Frequently asked questions

What was the Wayfair ruling?
South Dakota v. Wayfair, Inc. was a June 2018 Supreme Court decision that overturned the prior physical presence rule for sales tax collection. It held that states can require remote sellers to collect sales tax based on their sales volume into the state, regardless of whether they have any physical presence there.
What did the Wayfair ruling change for ecommerce sellers?
Before Wayfair, online sellers only had to collect sales tax in states where they had physical presence, offices, employees, or inventory. After Wayfair, every state with a sales tax can require collection once a seller crosses a sales threshold (typically $100,000 per year).
When did the Wayfair ruling happen?
The Supreme Court issued its decision in South Dakota v. Wayfair, Inc. on June 21, 2018. States began enacting economic nexus laws shortly after, with most in place by 2019. As of 2020, every state with a sales tax had enacted an economic nexus law.

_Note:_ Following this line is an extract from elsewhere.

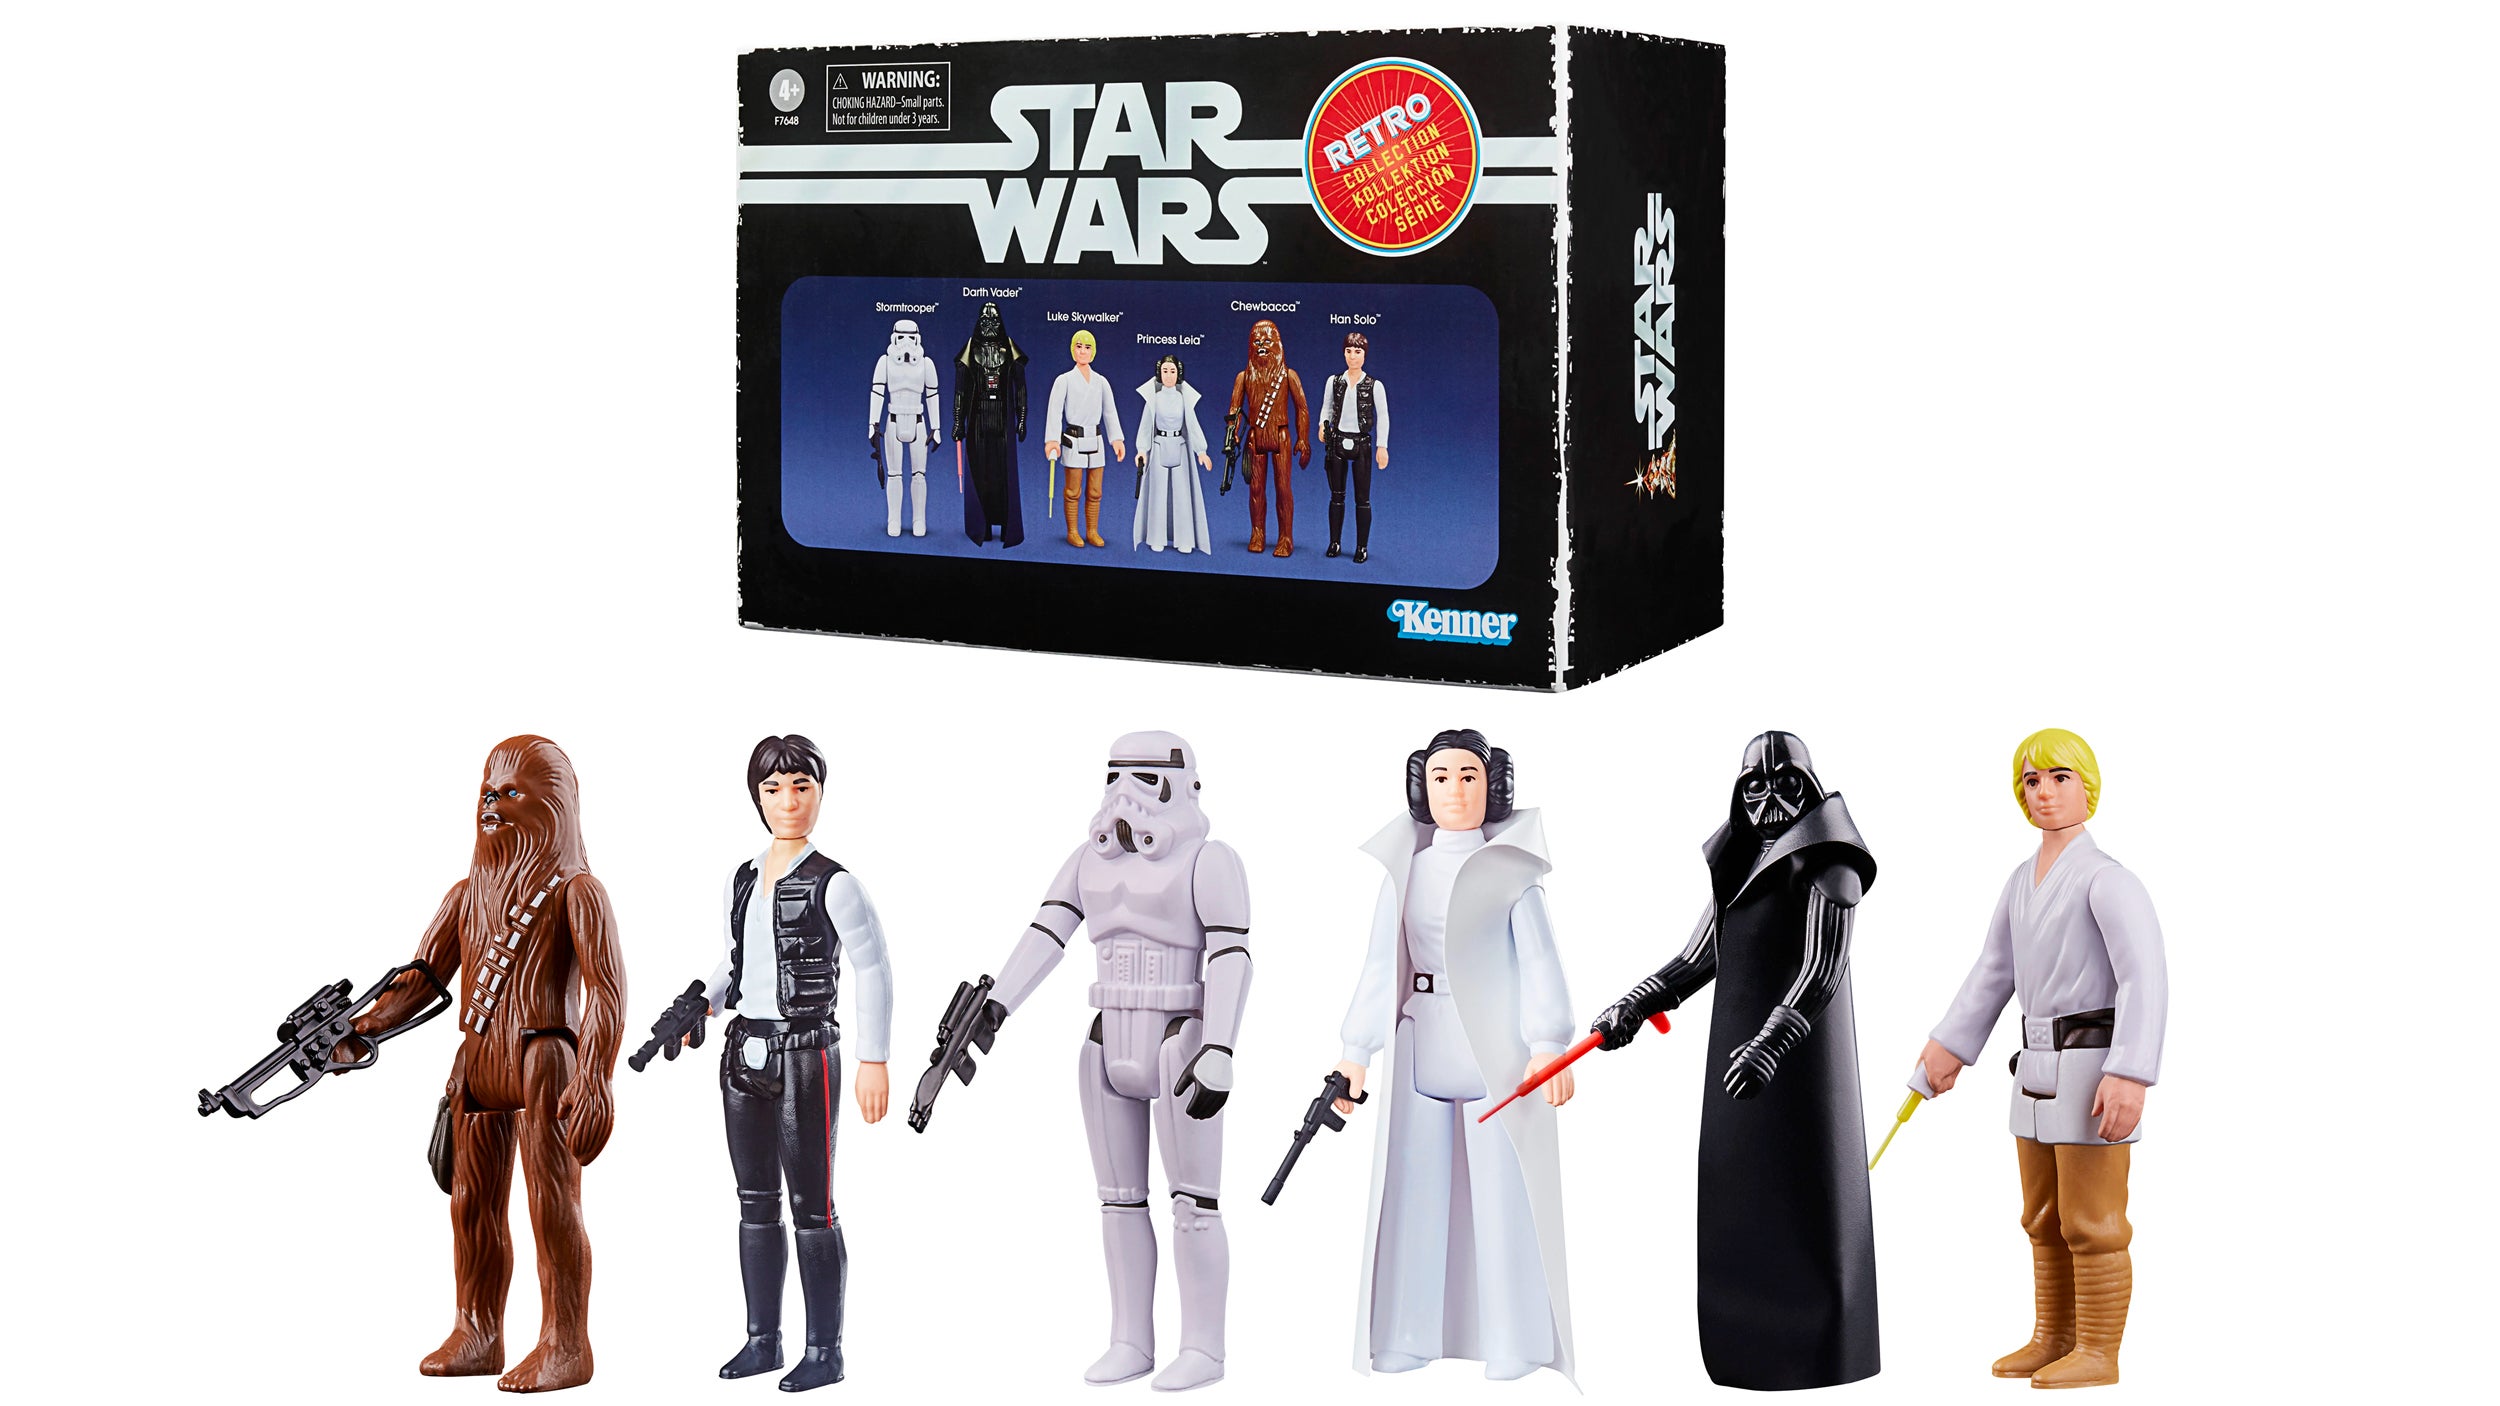 This Week’s Toy News Celebrates Those Wars Among the Stars

What threshold did the Wayfair ruling establish?
The ruling itself didn't set a universal threshold, it upheld South Dakota's law, which used $100,000 in annual sales or 200 transactions. Most states subsequently adopted similar thresholds. California uses $500,000. Sellers should verify the current threshold for each state where they sell.
Do I need to collect sales tax in all 50 states because of Wayfair?
Only in states where your sales exceed the state's threshold. For most sellers, that's $100,000 in annual sales to that state. Five states have no sales tax at all. You don't owe collection in states where you haven't crossed the threshold.